→ **What you need to do**:
From the first line to the last, output the data exactly as it stands, minus its pictures.

→ **Given data**:
============

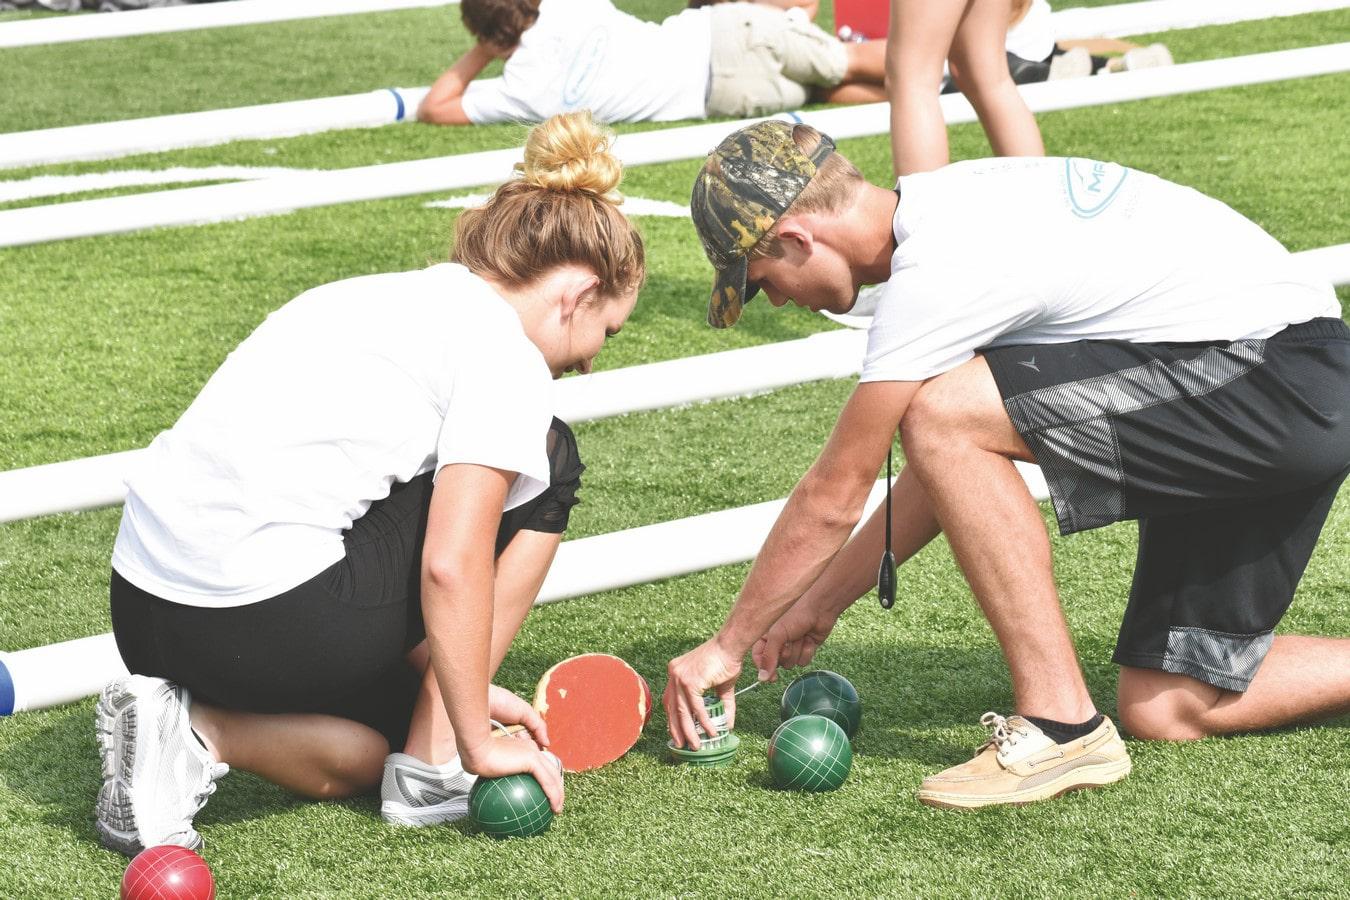 Two volunteers kneel down to measure distance of bocce balls
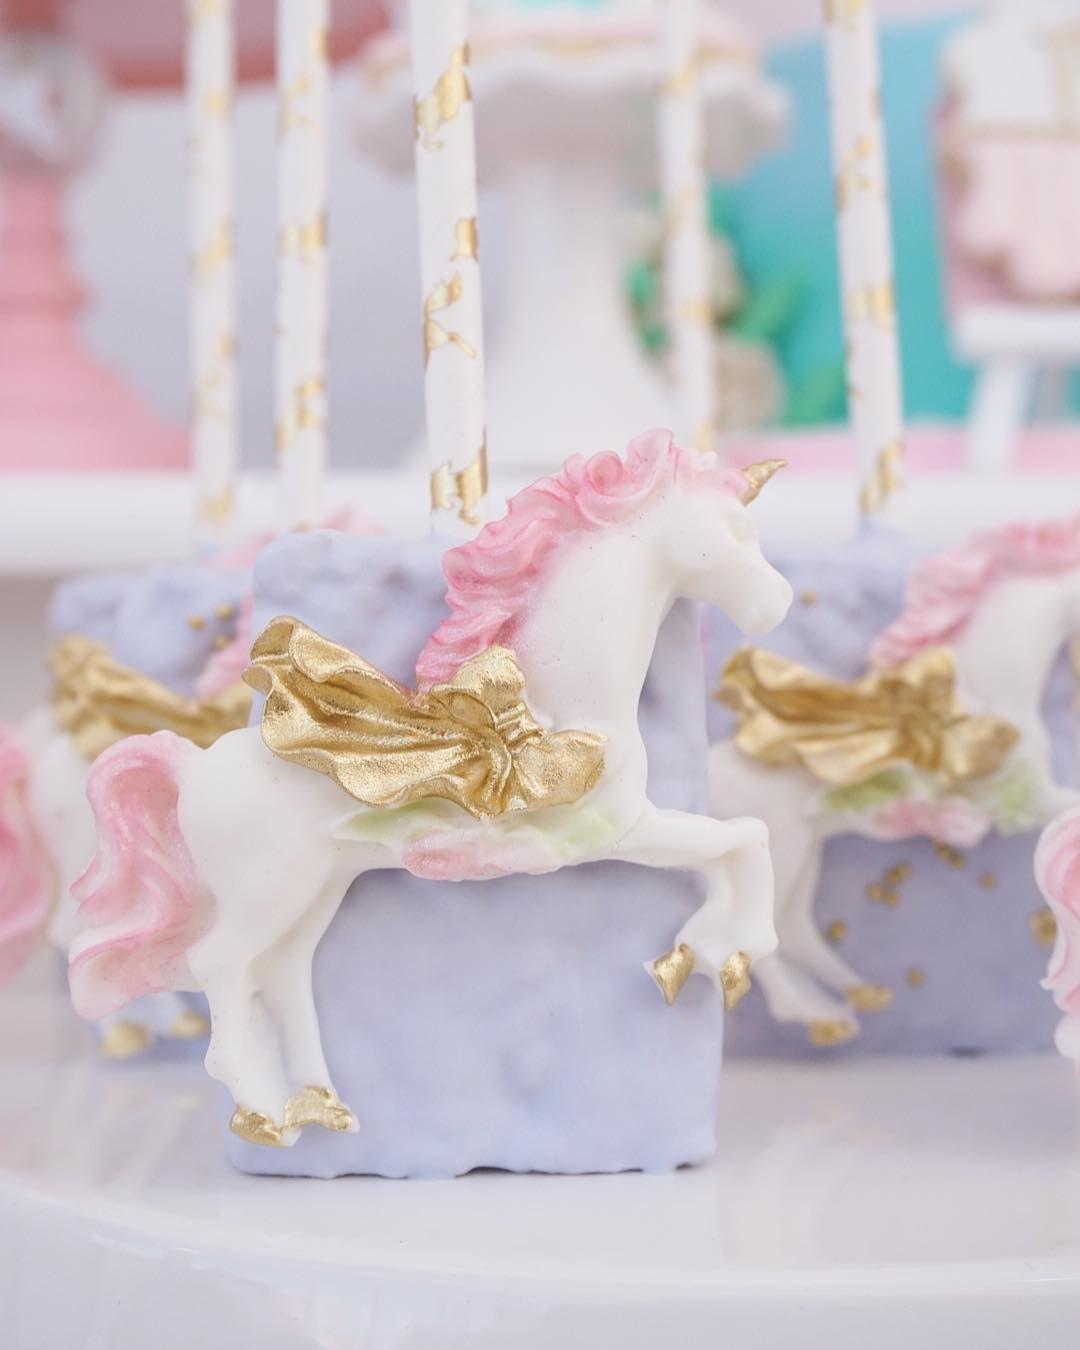 Unicorn Rice Krispies
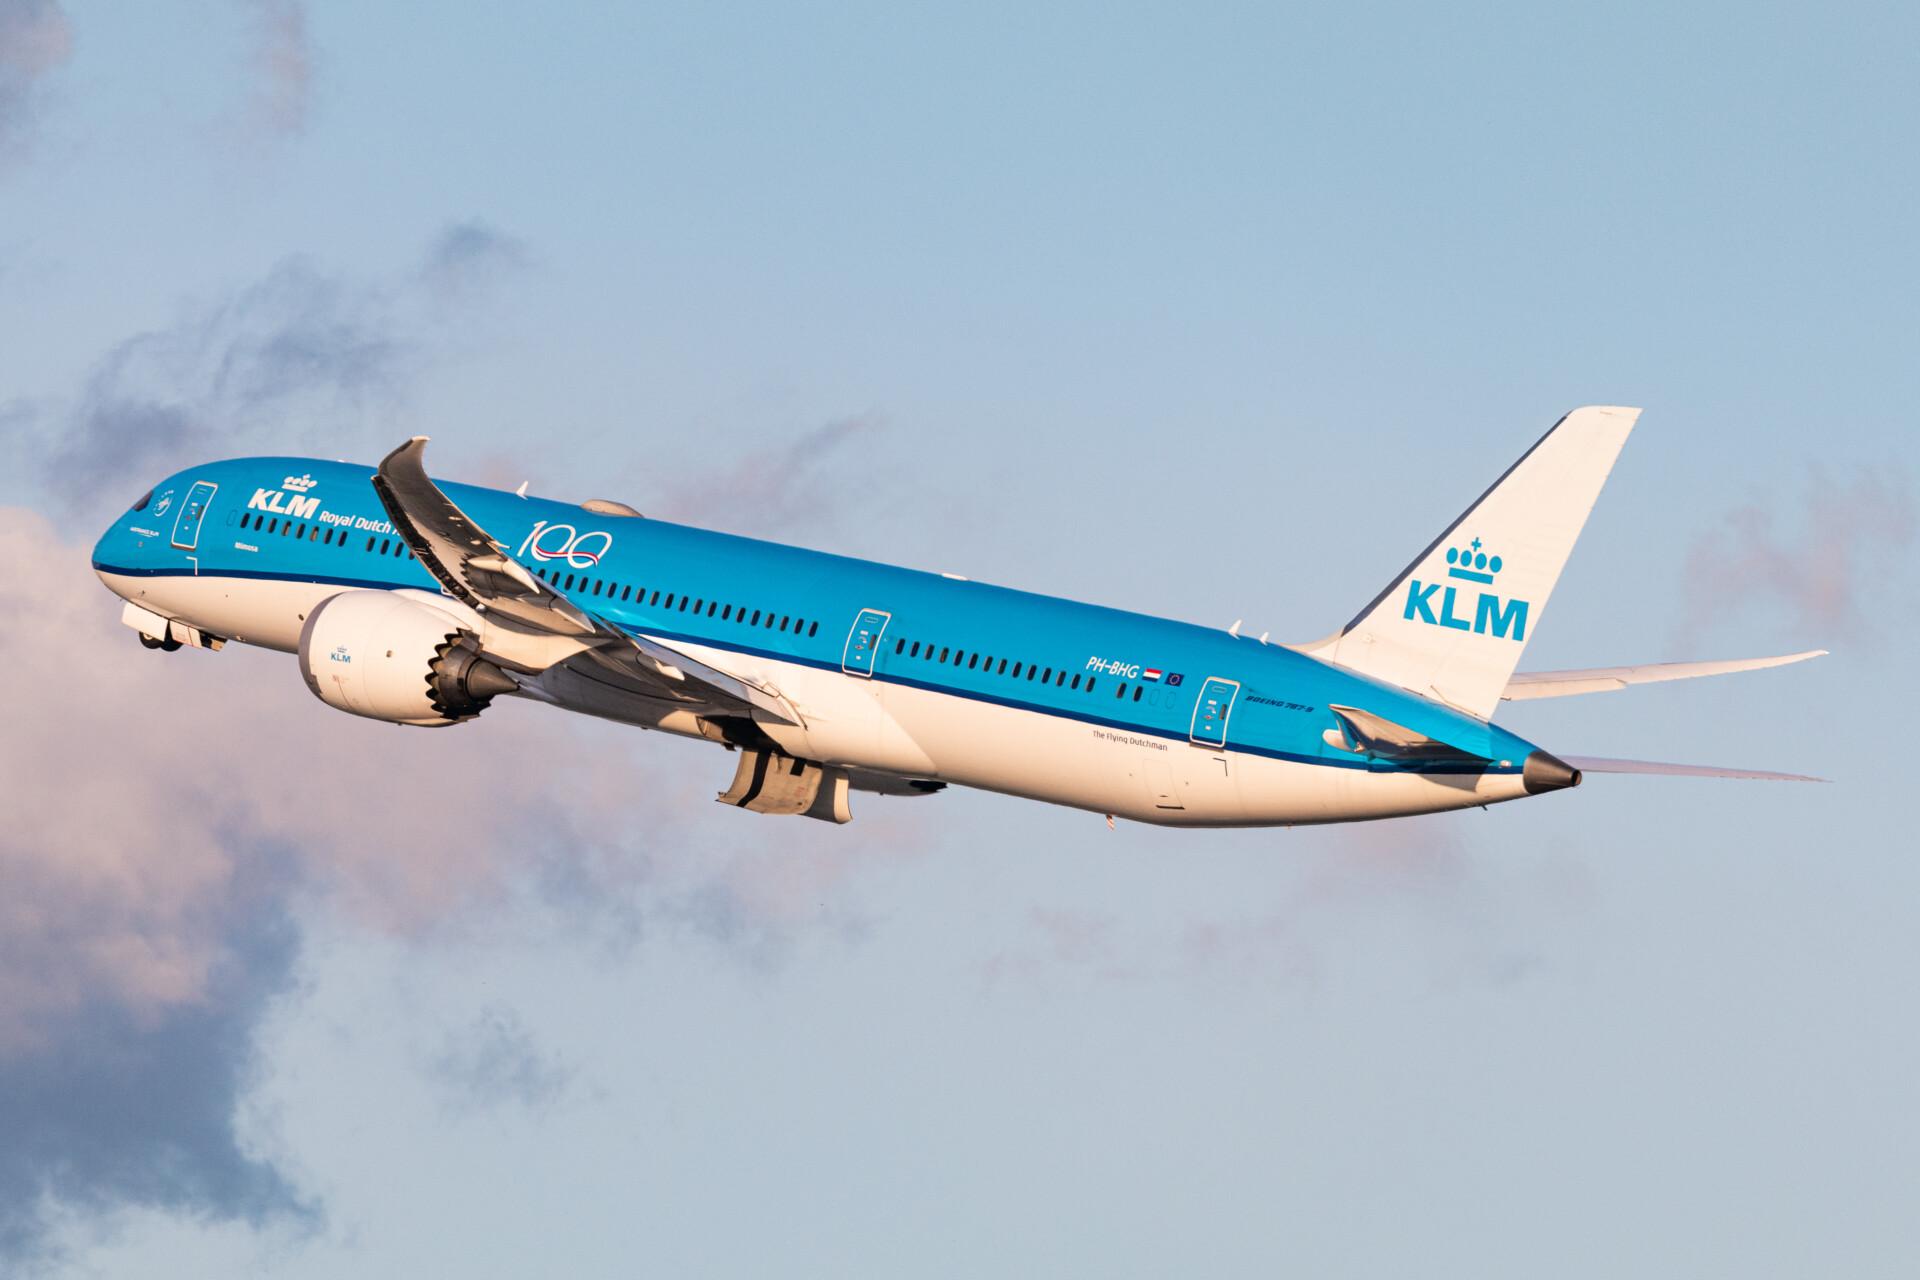 KLM Brings Back US Destinations As Travel Restrictions Ease

============

→ **Output for this task**:
 Two volunteers kneel down to measure distance of bocce balls
 Unicorn Rice Krispies
 KLM Brings Back US Destinations As Travel Restrictions Ease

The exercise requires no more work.